— Dataset content —
-*-

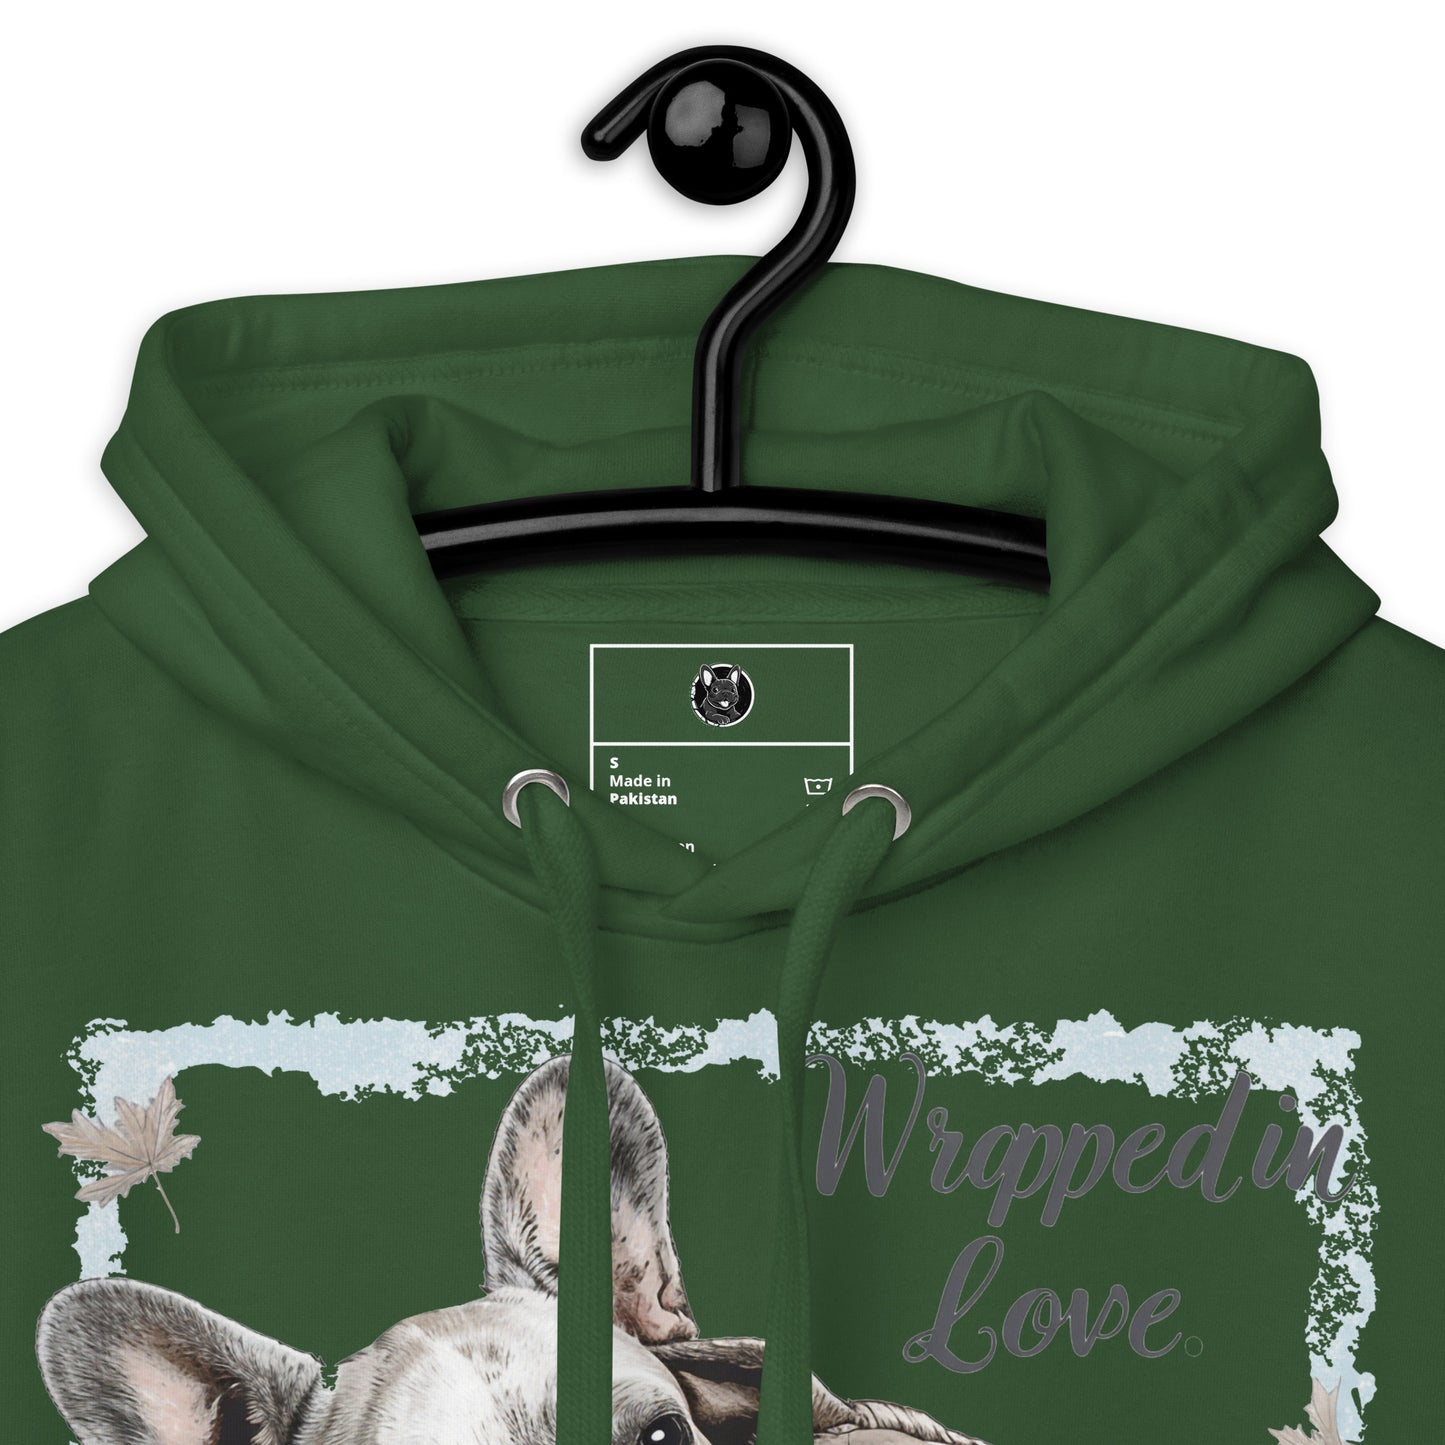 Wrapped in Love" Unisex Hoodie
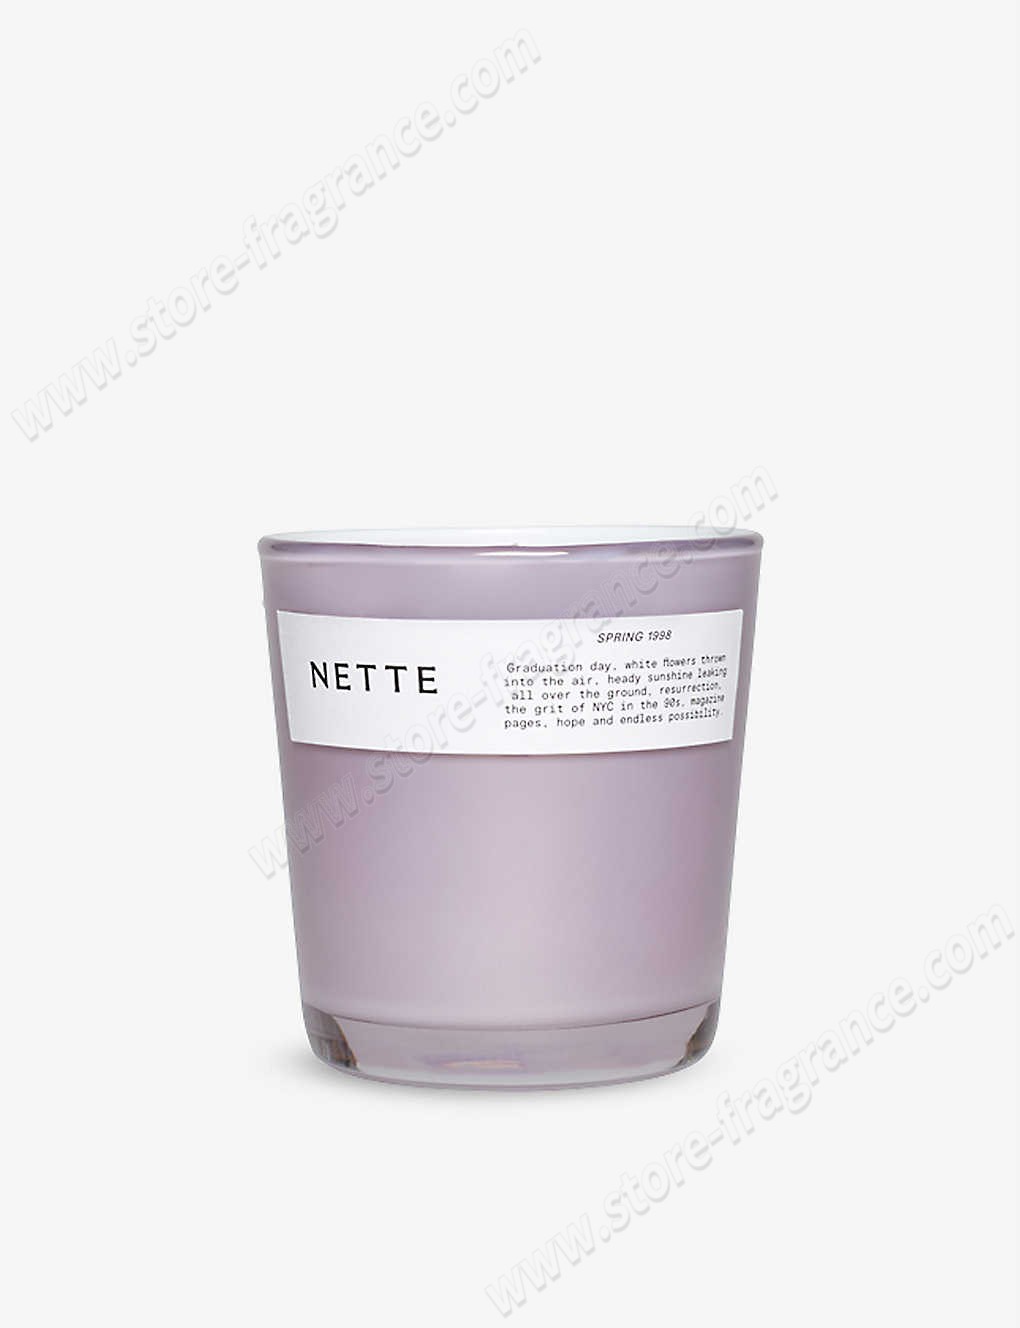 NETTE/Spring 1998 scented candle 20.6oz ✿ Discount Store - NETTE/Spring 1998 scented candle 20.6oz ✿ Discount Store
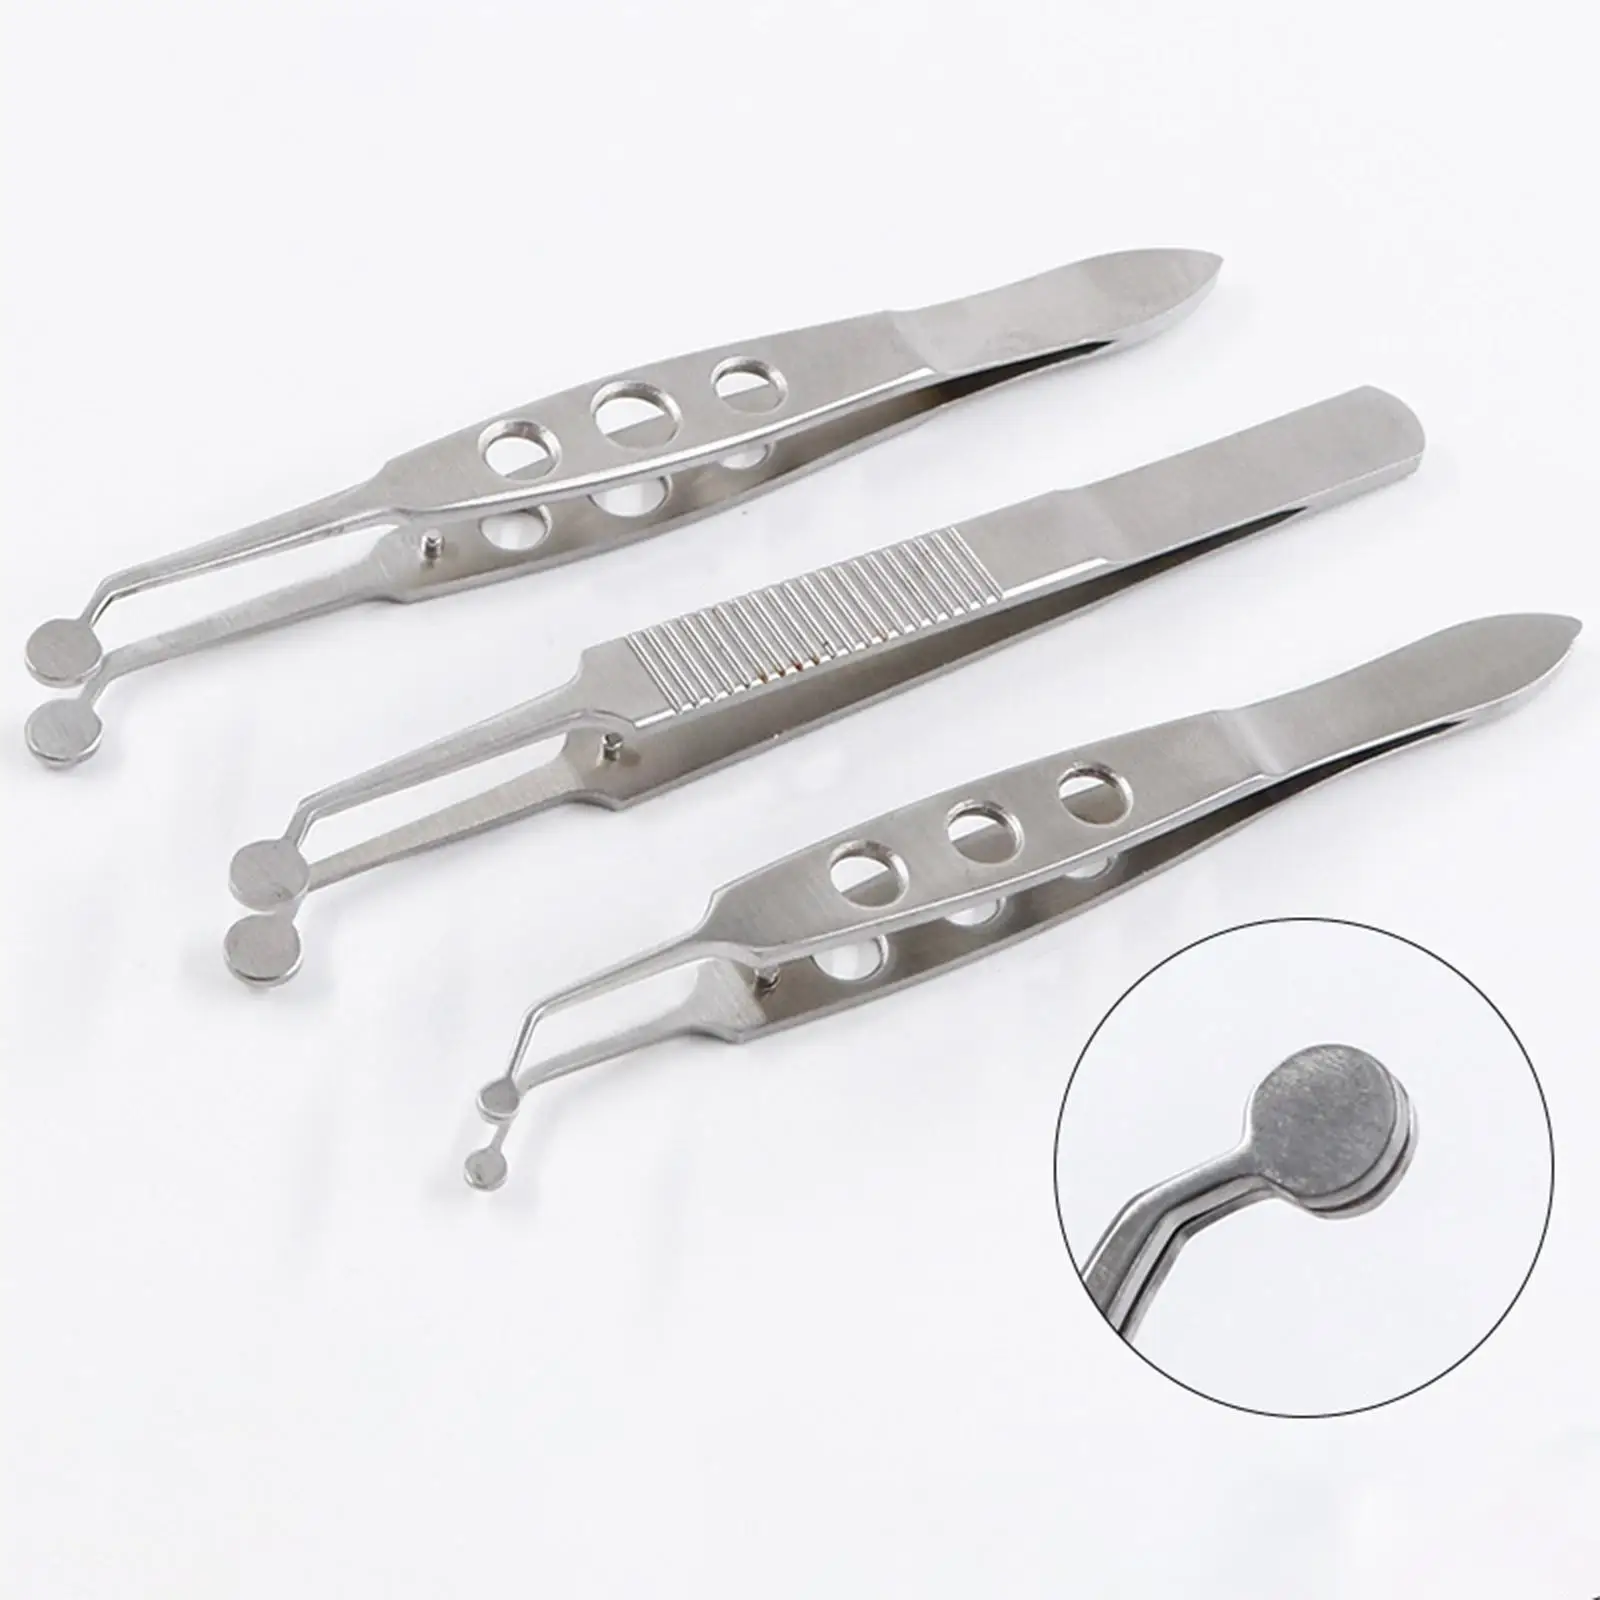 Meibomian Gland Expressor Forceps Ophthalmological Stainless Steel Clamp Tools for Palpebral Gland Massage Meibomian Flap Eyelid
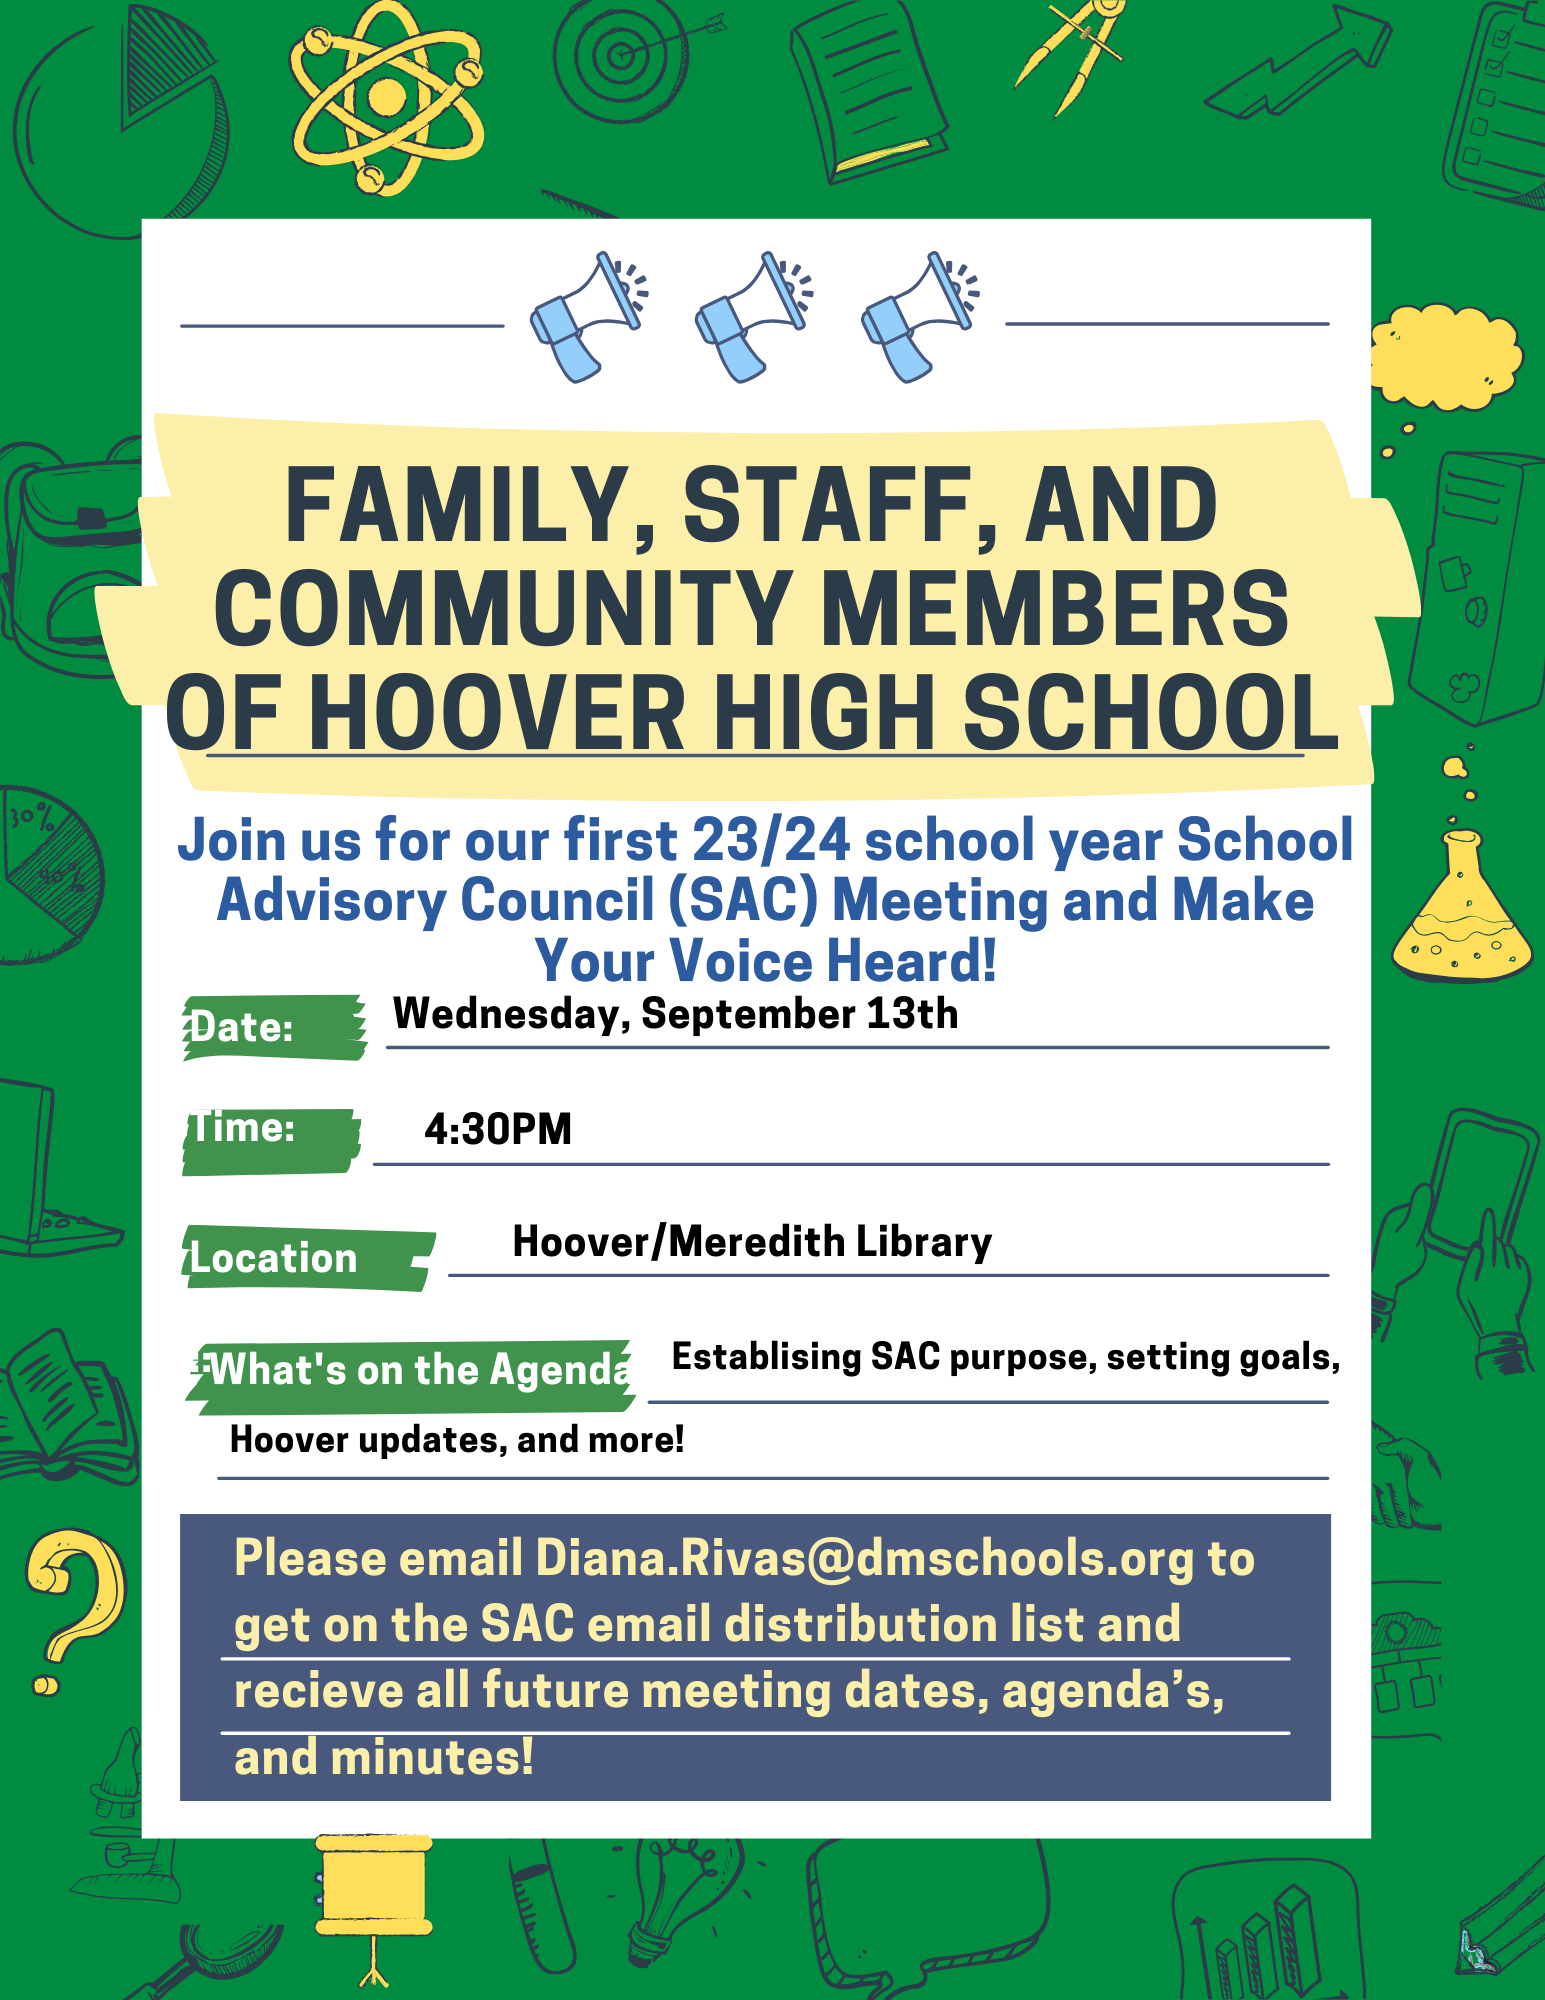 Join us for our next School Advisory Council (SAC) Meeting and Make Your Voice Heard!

-*-

Wherever a picture appears in the material above, skip it and copy the rest without change.

 Wrapped in Love" Unisex Hoodie
 NETTE/Spring 1998 scented candle 20.6oz ✿ Discount Store - NETTE/Spring 1998 scented candle 20.6oz ✿ Discount Store
 Meibomian Gland Expressor Forceps Ophthalmological Stainless Steel Clamp Tools for Palpebral Gland Massage Meibomian Flap Eyelid
 Join us for our next School Advisory Council (SAC) Meeting and Make Your Voice Heard!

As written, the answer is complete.